Well, it was hard on the Africans to be treated like cattle. I never
heard of the Nat Turner rebellion. I have heard of slaves buying their
own freedom. I don't know how it was done. I have heard of folks being
helped to run off. Grandma on mother's side had a brother run off from
Dalton, Mississippi to the North. After the war he come to Virginia.

"When freedom was declared we left and went to Wilmington and Wilson,
North Carolina. Dixon never told us we was free but at the end of the
year he gave my father a gray mule he had ploughed for a long time and
part of the crop. My mother jes picked us up and left her folks now. She
was cooking then I recollect. Folks jes went wild when they got turned
loose.

"My parents was first married under a twenty-five cents license law in
Virginia. After freedom they was remarried under a new law and the
license cost more but I forgot how much. They had fourteen children to
my knowing. After the war you could register under any name you give
yourself. My father went by the name of Right Dixon and mother Jilly
Dixon.

"The Ku Klux was bad. They was a band of land owners what took the law
in hand. I was a boy. I scared to be caught out. They took the place of
pattyrollers before freedom.

"I never went to public school but two days in my life. I went to night
school and paid Mr. J.C. Price and Mr. S.H. Vick to teach me. My father
got his leg shot off and I had to work. It kept me out of meanness. Work
and that woman has kept me right. I come to Arkansas, brought my wife
and one child, April 5, 1889. We come from Wilson, North Carolina. Her
people come from North Carolina and Moultrie, Georgia.

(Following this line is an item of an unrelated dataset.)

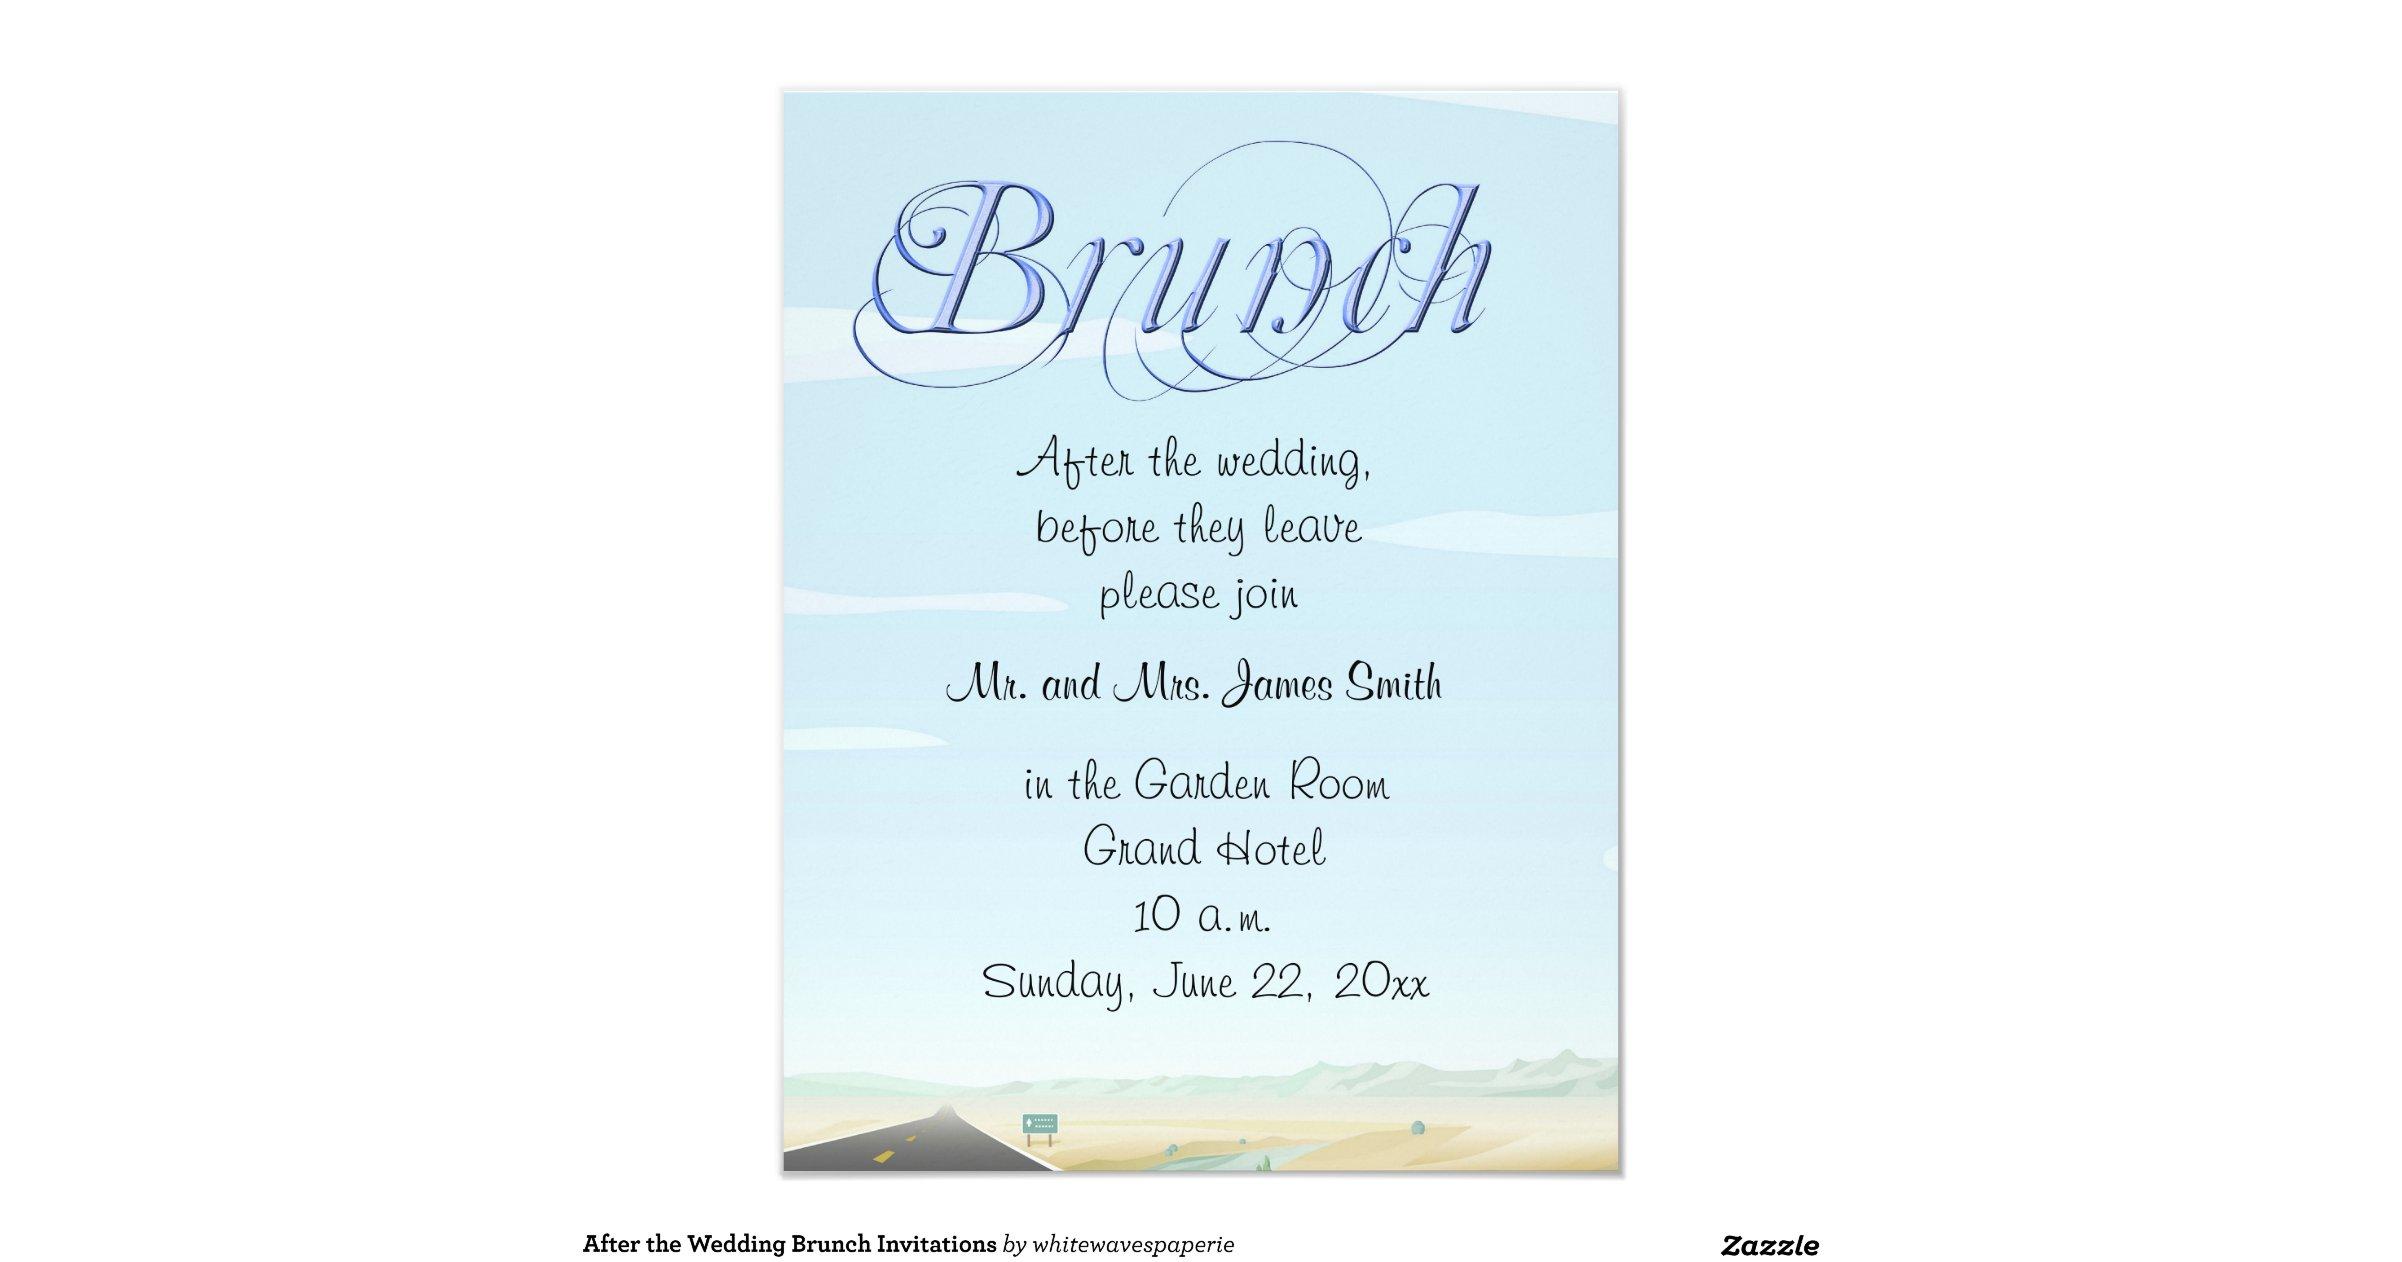 After Wedding Invitation Wording: After_the_wedding_brunch_invitations

"I do vote. I sell eggs or a little something and keep my taxes paid up.
It look like I'm the kind of folks the government would help--them that
works and tries hard to have something--but seems like they don't get no
help. They wouldn't help me if I was bout to starve. I vote a Republican
ticket."


NOTE: On the wall in the dining room, used as a sitting room, was a
framed picture of Booker T. Washington and Teddy Roosevelt sitting at a

round-shaped hotel dining table ready to be served. Underneath the
picture in large print was "Equality." I didn't appear to ever see the
picture.

This negro is well-fixed for living at home. He is large and very black,
but his wife is a light mulatto with curly, nearly-straightened hair.